The libcrux half of that tradeoff is, in our view, not a feature worth chasing. Our February audit of Cryspen’s “formally verified” libraries found undisclosed silent cryptographic failures in libcrux-ml-dsa (platform-dependent SHA-3 corruption that was patched without a public advisory), entropy-reducing pre-hash clamping in Ed25519, and a denial-of-service panic in libcrux-psq’s AES-GCM decryption path. Cryspen’s public response acknowledged the findings without retracting the “highest level of assurance” marketing language attached to the library; our follow-up analysis and an independent paper have since surfaced further specification deviations in libcrux-ml-dsa. The “formally verified” framing that draws users to libcrux does not, on the evidence we have assembled, describe the engineering you are getting. If you’re using RustCrypto anyway — which is what hpke-ng does by default and what most hpke-rs deployments do in practice — the provider abstraction is paying rent for a backend you would be wise to avoid.

Speed

The full benchmark protocol is in cargo bench --features comparative in the hpke-ng repository: criterion harness, sample size 40–60, 2–3 second measurement window, RUSTFLAGS="-C target-cpu=native", lto = "thin", codegen-units = 1. Apple Silicon M-series, macOS. The numbers below are the median across two independent bench runs. The post-quantum rows enable hpke-rs-rust-crypto’s experimental feature flag — without it, hpke-rs’s PQ KEMs return UnsupportedKemOperation at runtime; the upstream comment on the gate is “broken and pre-releases. Disabling them until they are stable.”

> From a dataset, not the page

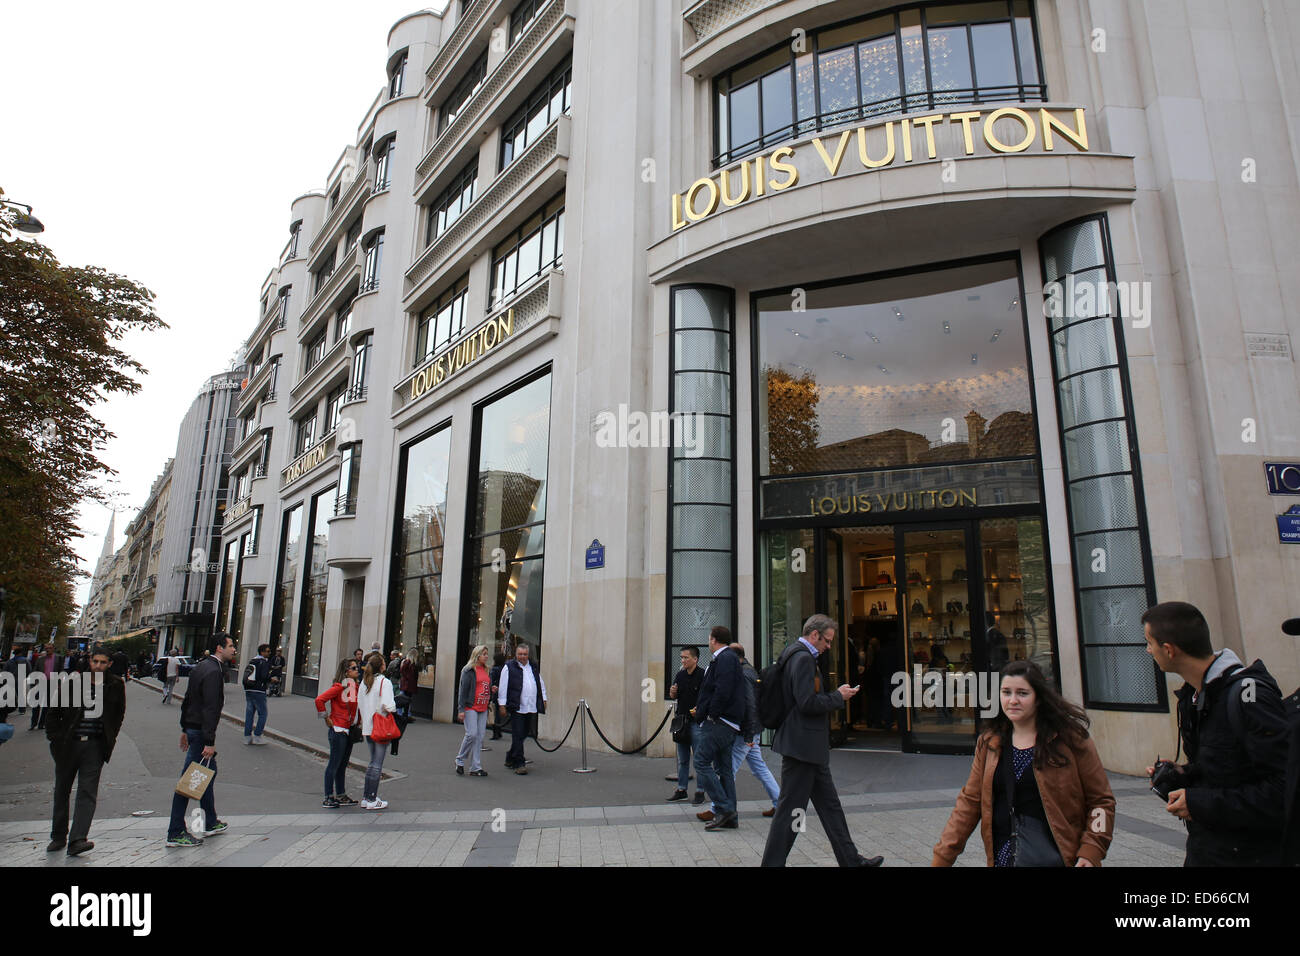 Louis Vuitton Stockfotos und -bilder Kaufen - Alamy

The wins concentrate in four places: the post-quantum KEM path (the largest deltas in the entire dataset, peaking at −55% on ML-KEM decap), the classical KEM encap/decap path, the single-shot open path, and the ChaCha20 setup paths. These are the rows where hpke-rs’s per-call overhead — trait dispatch, allocator pressure, an enum match per primitive, a from-seed key reconstruction on every PQ decap — adds measurable framing cost on top of the underlying crypto. Start with the KEM operations on X25519:

KEM operations · X25519

hpke-rshpke-ng
generate
7.69 µs
8.94 µs
+16%
derive_key
8.79 µs
9.39 µs
+7%
encap
38.00 µs
34.33 µs
−10%
decap
36.73 µs
21.47 µs
−41%
Lower is faster. Bars normalized per-row to max(rs, ng).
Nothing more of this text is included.